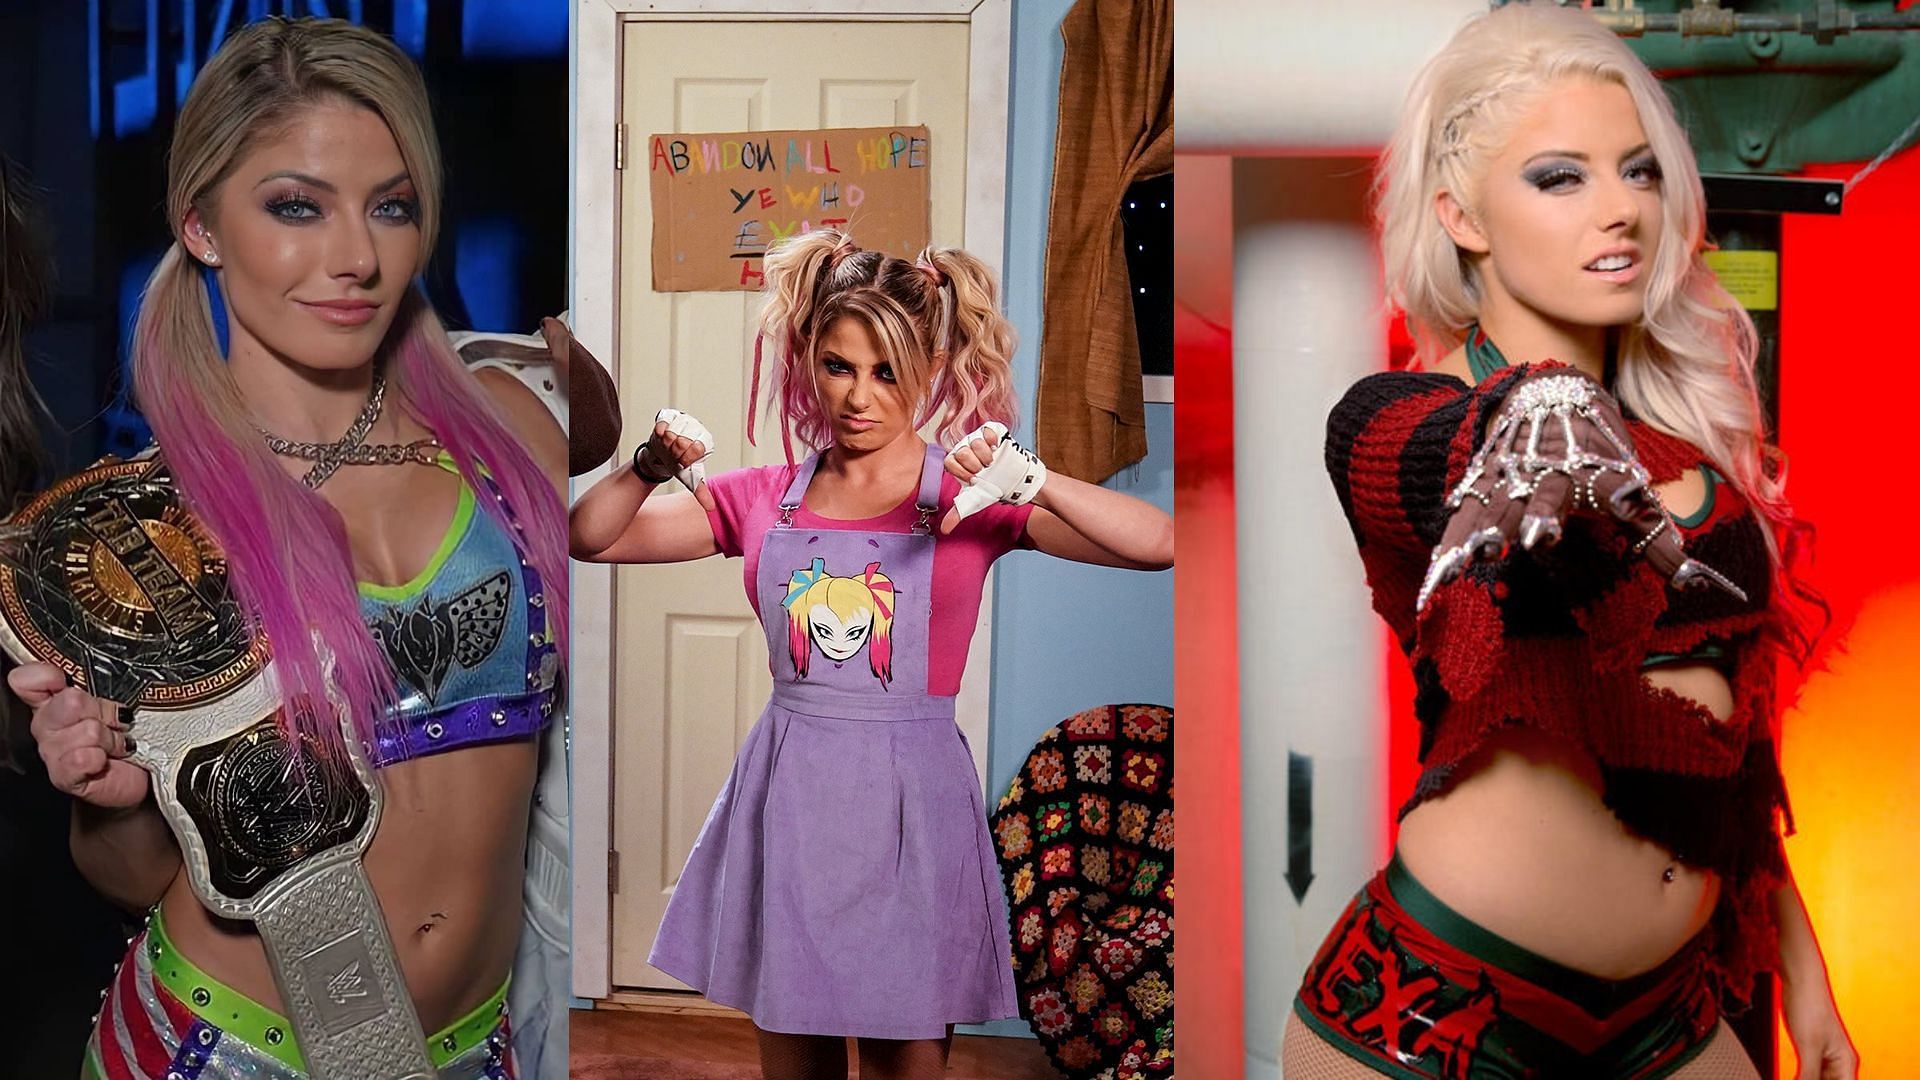 Alexa Bliss has introduced some fantastic gear over the years
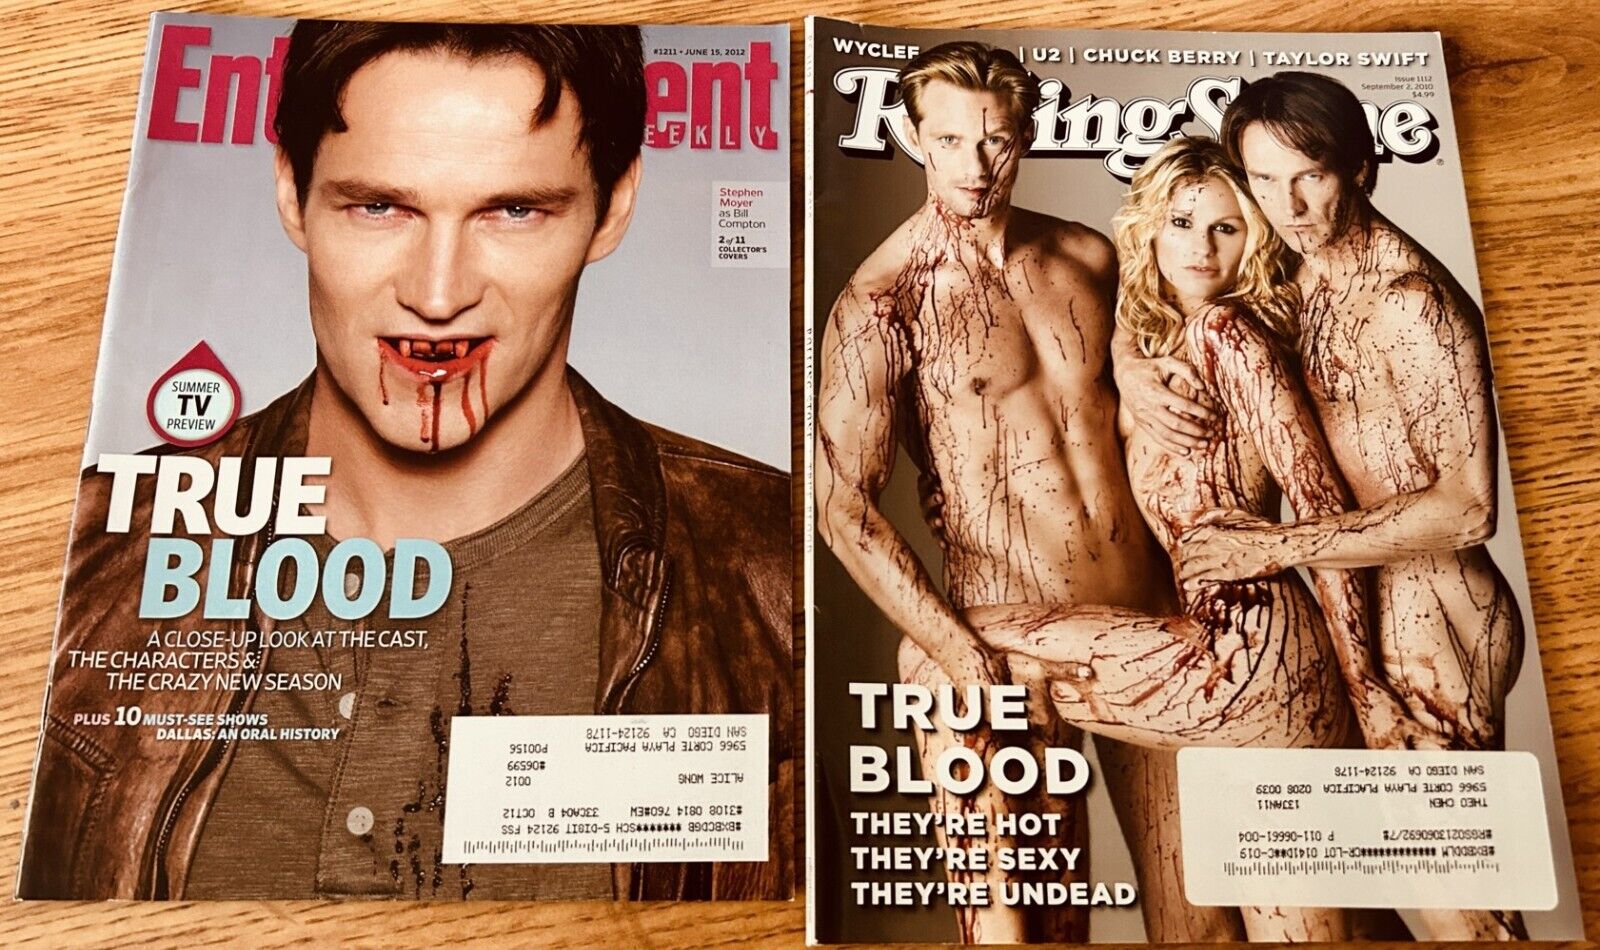 True Blood 2012 Entertainment Weekly AND 2010 Rolling Stone issues Stephen Moyer
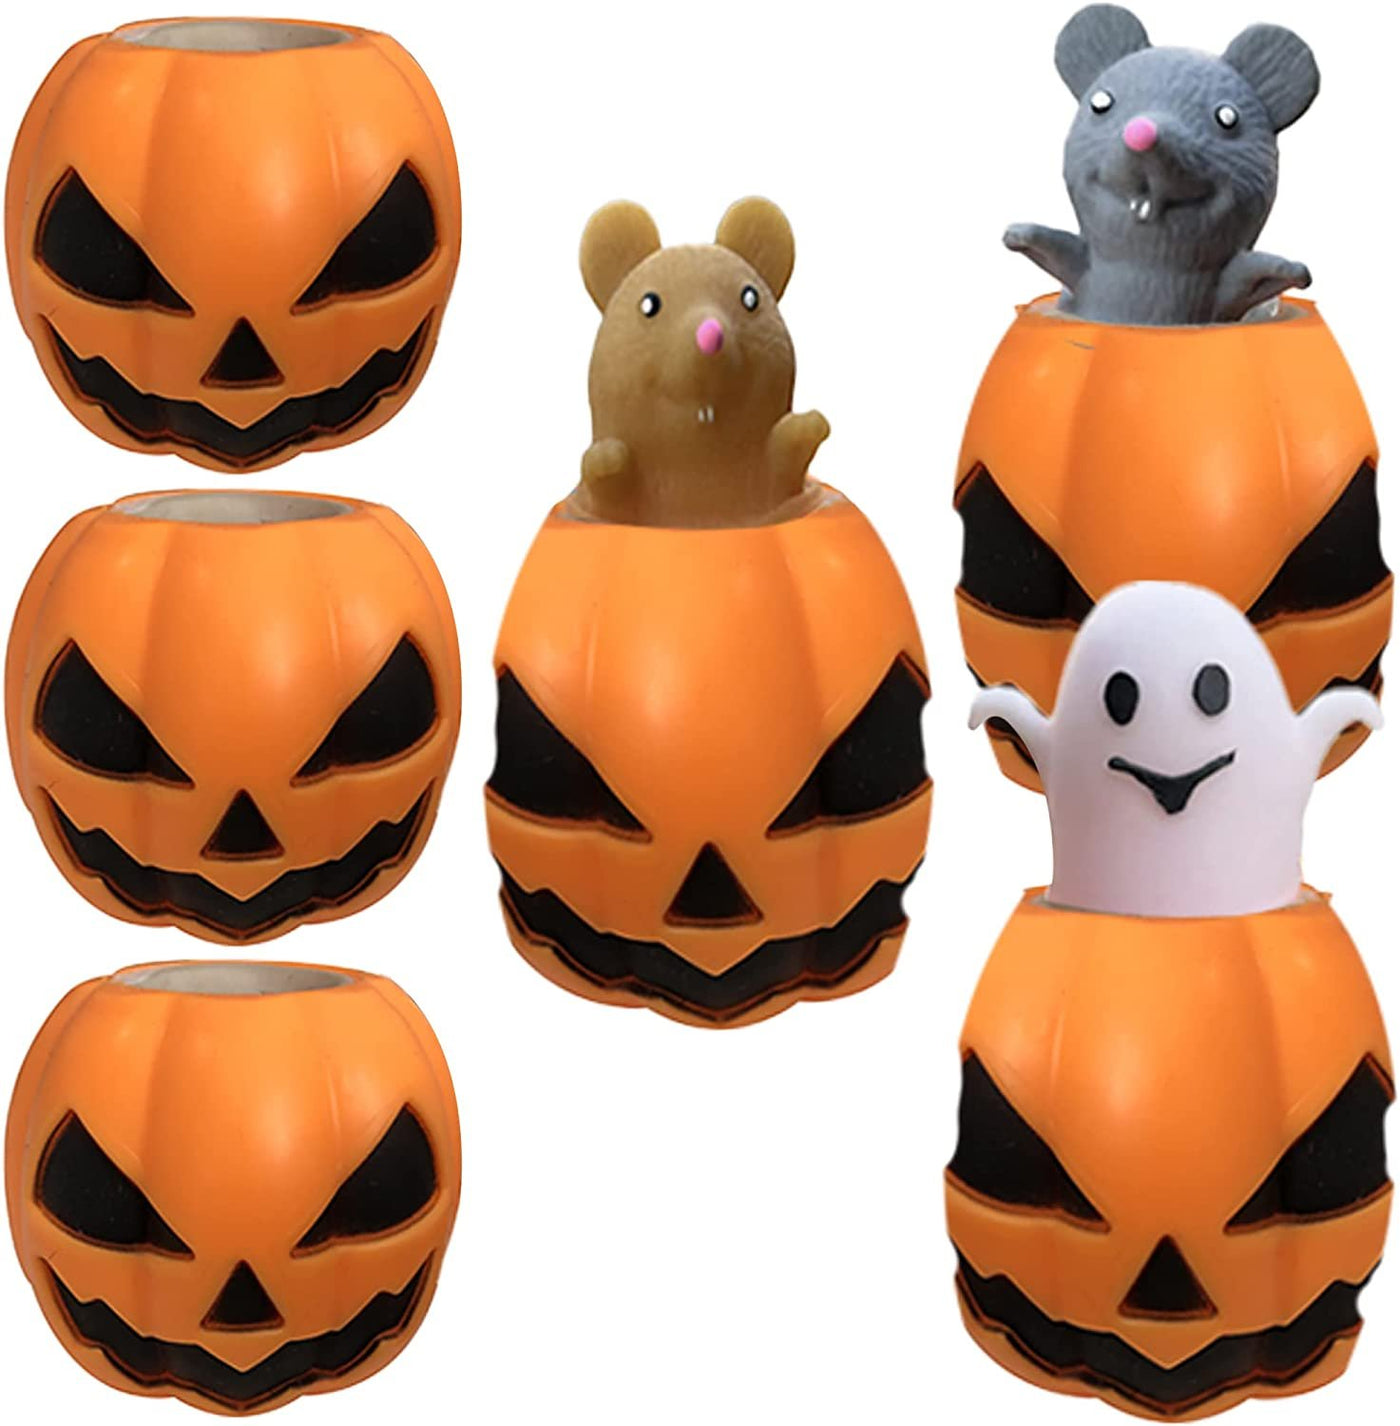 Halloween Squeeze Pop-Out Toys, Set of 6, Halloween Stress Relief Toys for Kids with Pop-Out Characters, Great as Non-Candy Halloween Treats, Trick or Treat Supplies, and Prank Toys
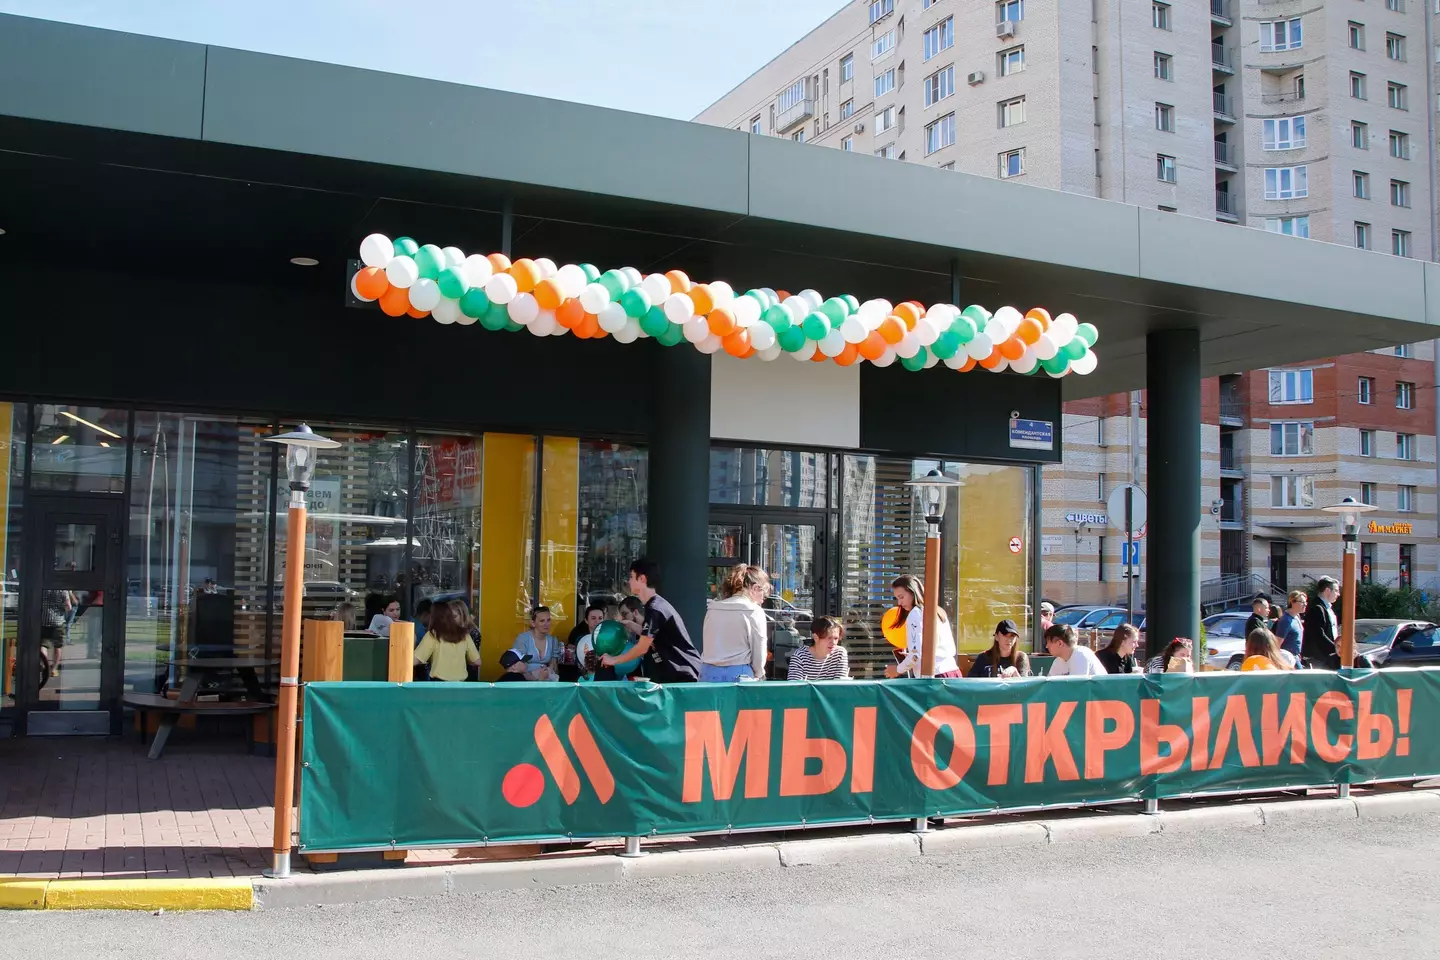 'Tasty and that's it' replaced McDonald's in Russia.

_____

**Task details:**
This task calls for the listing to be restated exactly, with images omitted.

**Written answer:**
 Alexa Bliss has introduced some fantastic gear over the years
 True Blood 2012 Entertainment Weekly AND 2010 Rolling Stone issues Stephen Moyer
 Halloween Squeeze Pop-Out Toys, Set of 6, Halloween Stress Relief Toys for Kids with Pop-Out Characters, Great as Non-Candy Halloween Treats, Trick or Treat Supplies, and Prank Toys
 'Tasty and that's it' replaced McDonald's in Russia.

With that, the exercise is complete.